Draghi Knocks U.S. Participation Rate, Shrugs at Debt Ceiling
NEW YORK (TheStreet) -- European Central Bank President Mario Draghi on Thursday called U.S. and eurozone unemployment rates incomparable due to the U.S.'s low labor participation rate and said he had little worry that Congress will resolve the approaching debt limit.
Speaking at the Economic Club of New York, Draghi said that when accounting for the low U.S. employment participation rate, it makes the European Union's 12% unemployment rate "hardly comparable" to the 7.3% rate here.
The August employment report showed the participation rate edged down to 63.2% -- the lowest level in 35 years. The Bureau of Labor Statistics has continued to withhold the September employment report, which originally would have posted on Oct. 4, in accordance with the government shutdown.

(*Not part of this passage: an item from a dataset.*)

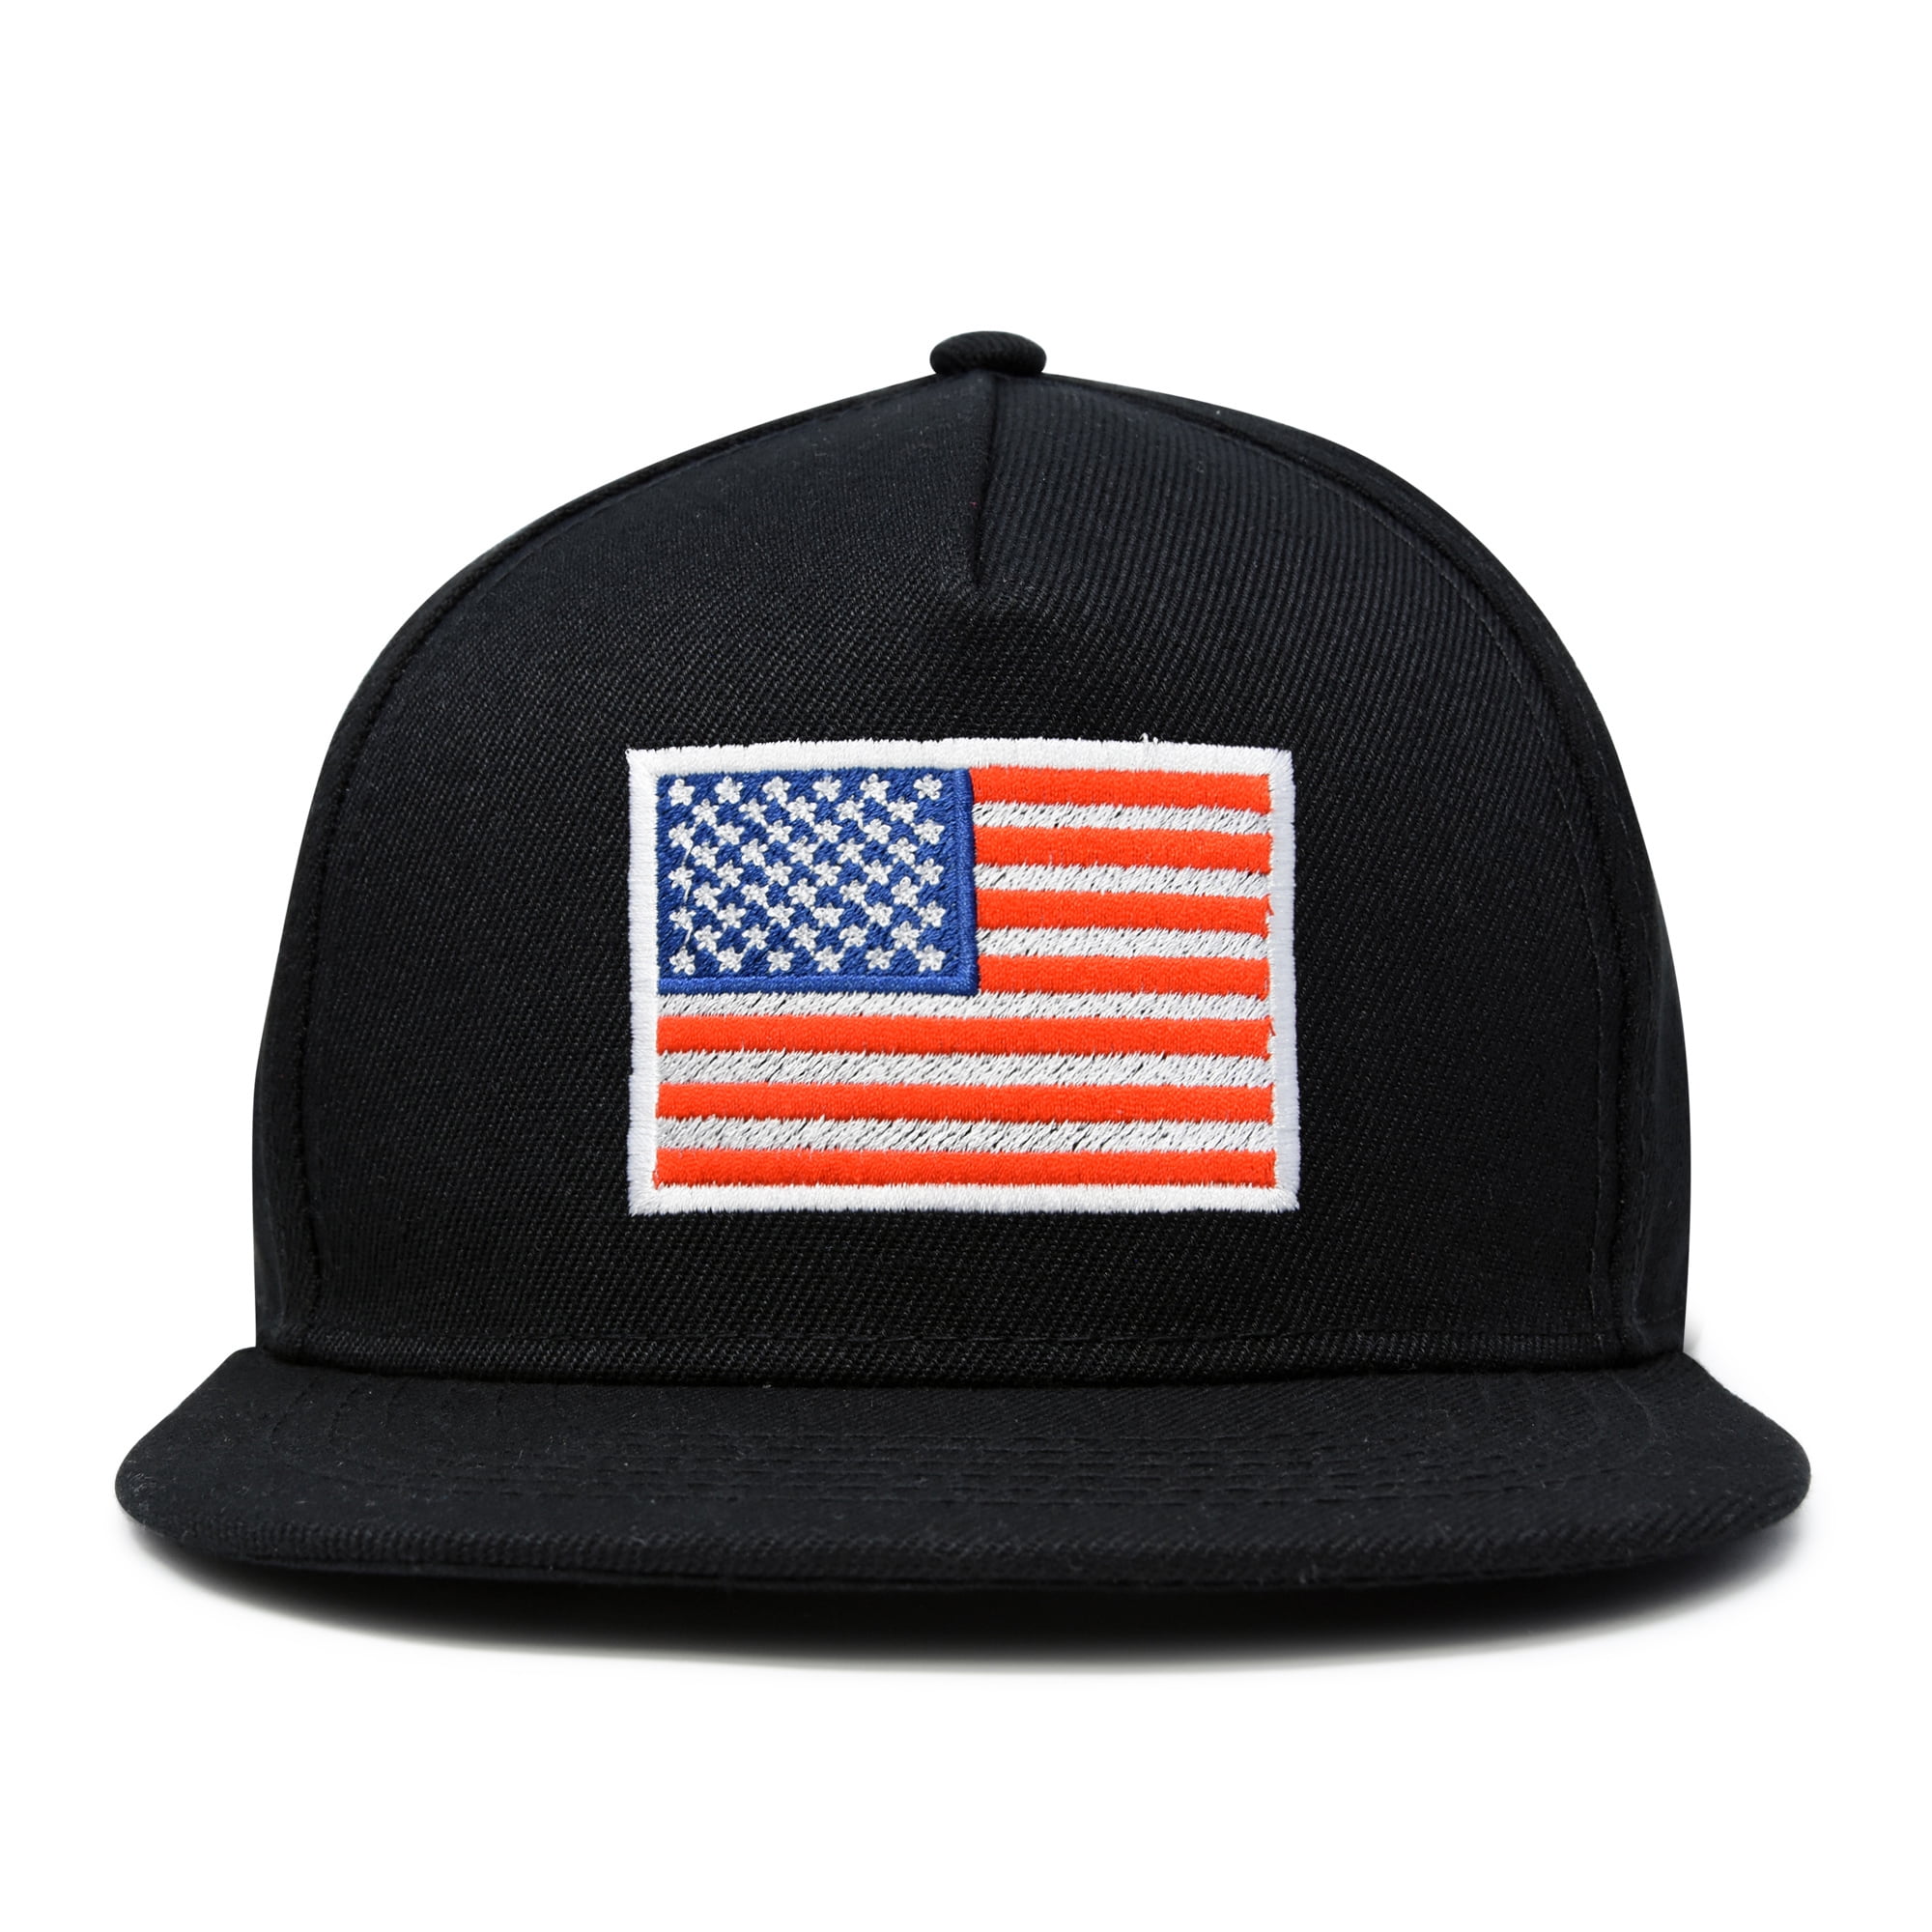 American ball caps

Draghi said the United States effectively would have double-digit unemployment if it were not for such low participation.
The central banker also spoke to the looming debt ceiling debate by expressing little concern about the matter.
"The world still does not believe the United States will not find a way out of this," Draghi said.
Draghi's comments came shortly after House Speaker John Boehner proposed a short-term solution to increase the country's borrowing limit. White House Spokesman Jay Carney's response to the news appeared promising to markets as he did not outright reject the plan. Carney said President Obama prefers a long-term agreement.
The ECB head also spent part of a question and answer session providing an update on the European Union's upcoming bank stress tests. Draghi was unable to give any insight into how banks would perform; however, he did acknowledge that lenders in the region are in a better position to raise capital. Deutsche Bank and Barclays have both issued equity to bolster their capital ratio's in recent months.
Draghi also noted that the ECB would be providing new detail on how European authorities coordinate the resolution of failing banks in the region, were such issues to emerge.
Major U.S. equity markets on Wednesday were cheering signs of progress in Washington D.C. as the benchmark S&P 500 was surging more than 1.5%, poised for the biggest intraday pop since Jan. 2, the first trading day of 2013.